## WORK INSTRUCTIONS
In the entries that follow, the lines from the line containing "01-92 Design Villa" up to and including the line containing "При каких значениях" must be copied exactly, with pictures omitted.

## SOURCE RECORDS
════════
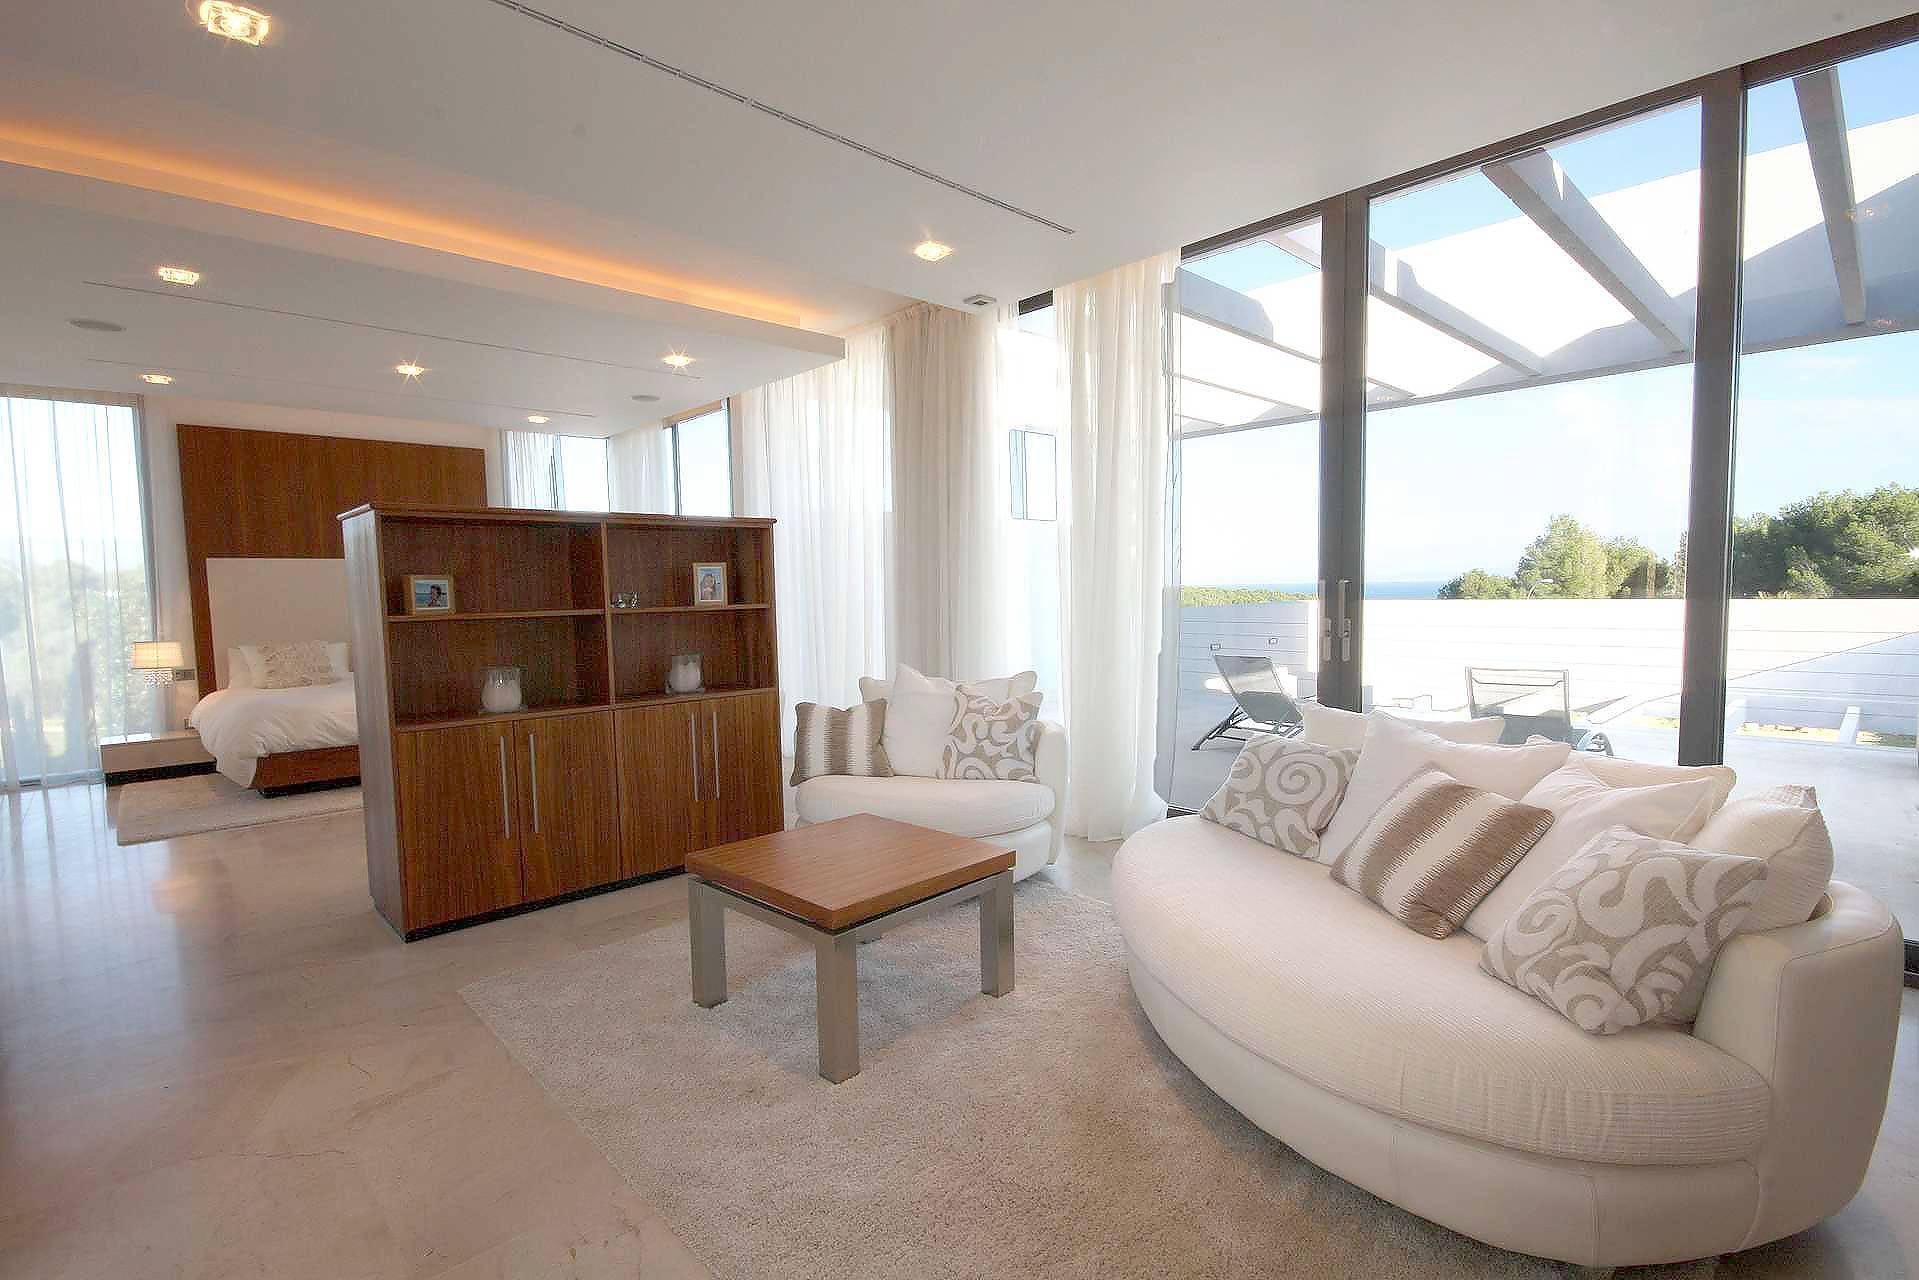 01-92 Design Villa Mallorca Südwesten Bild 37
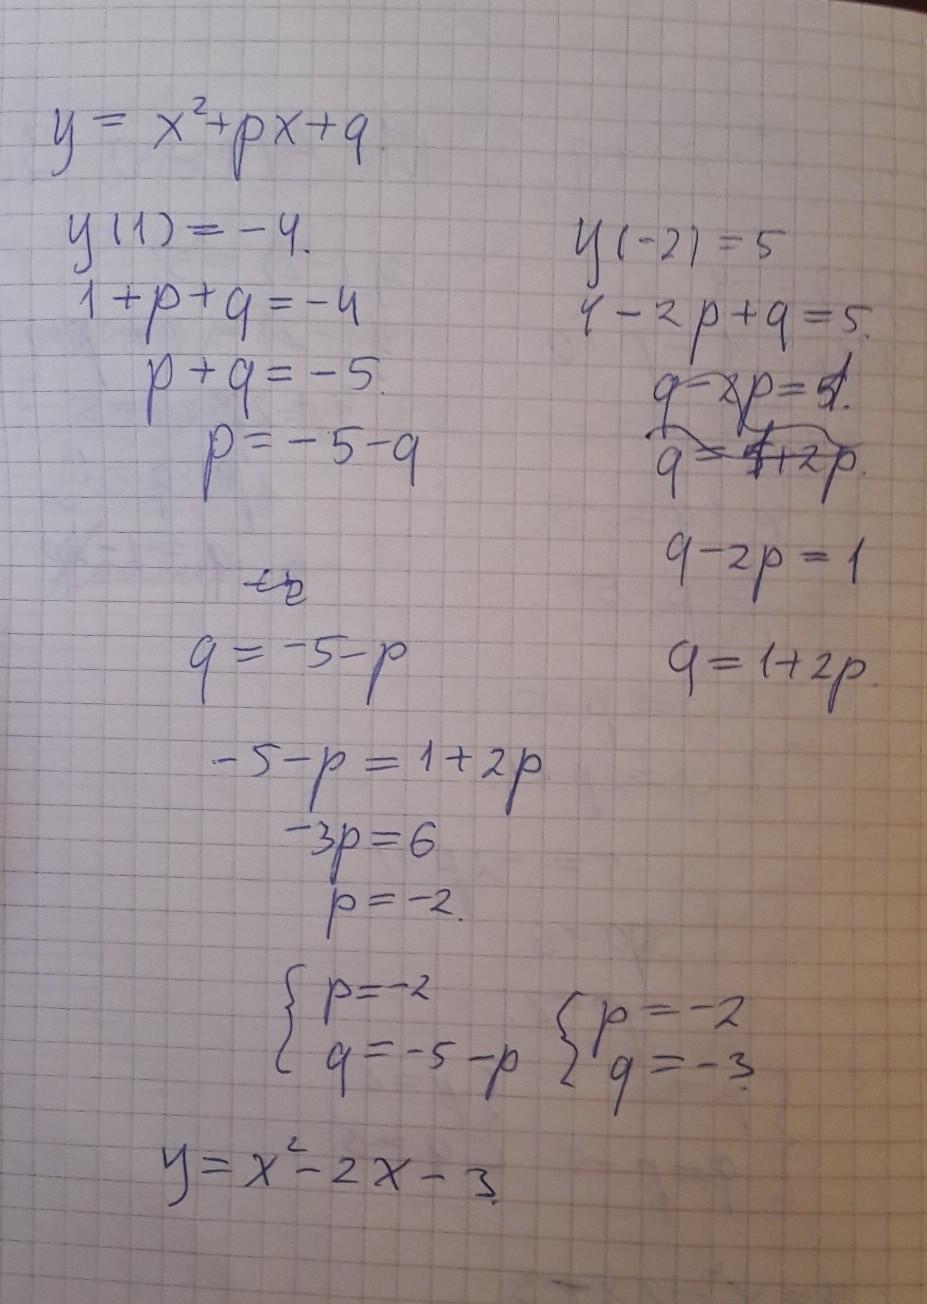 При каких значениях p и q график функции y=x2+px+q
════════
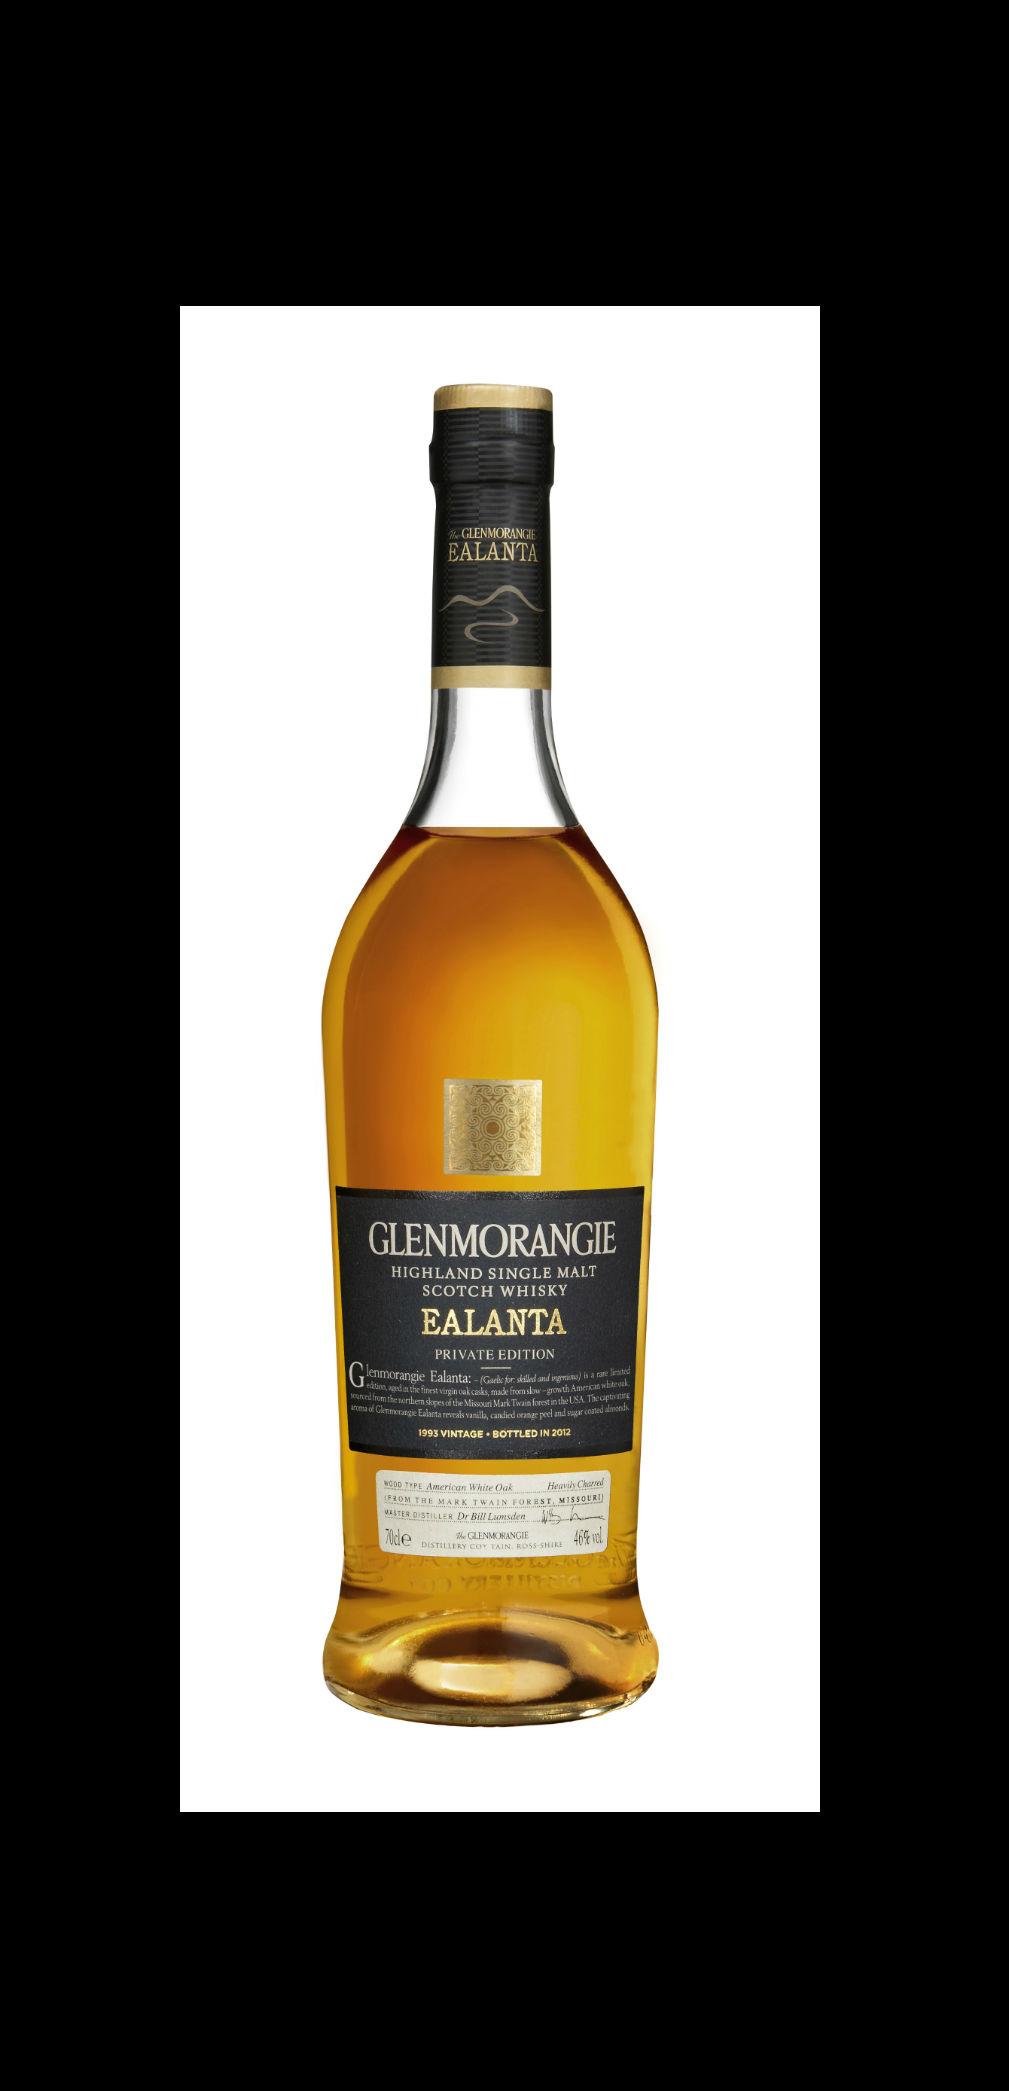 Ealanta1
════════
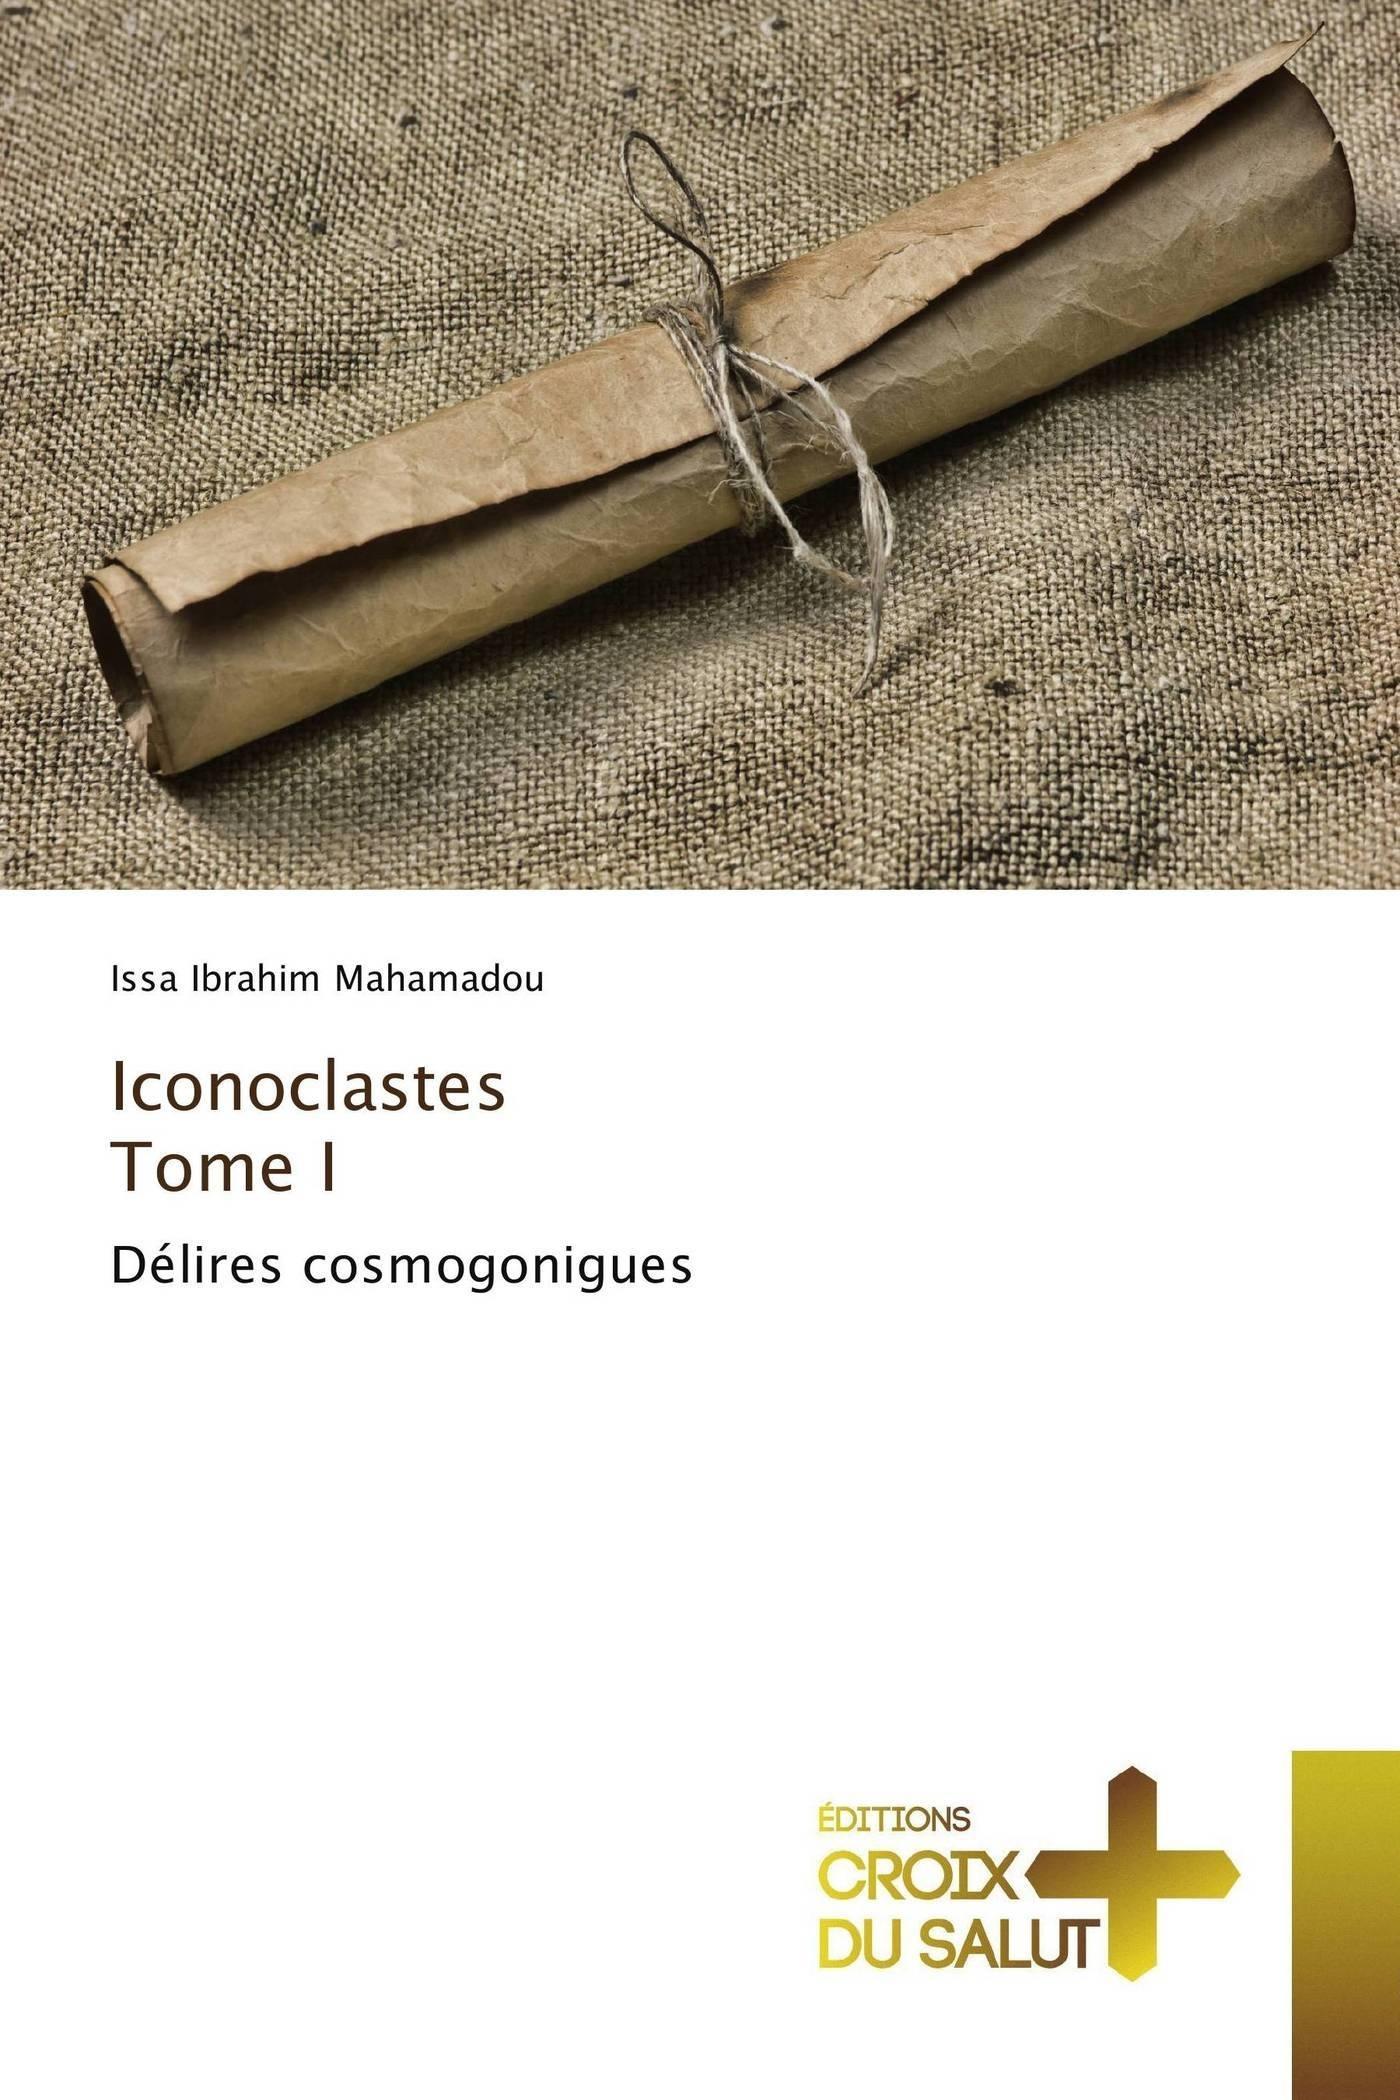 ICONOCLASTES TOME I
════════
## RESPONSE AREA
 01-92 Design Villa Mallorca Südwesten Bild 37
 При каких значениях p и q график функции y=x2+px+q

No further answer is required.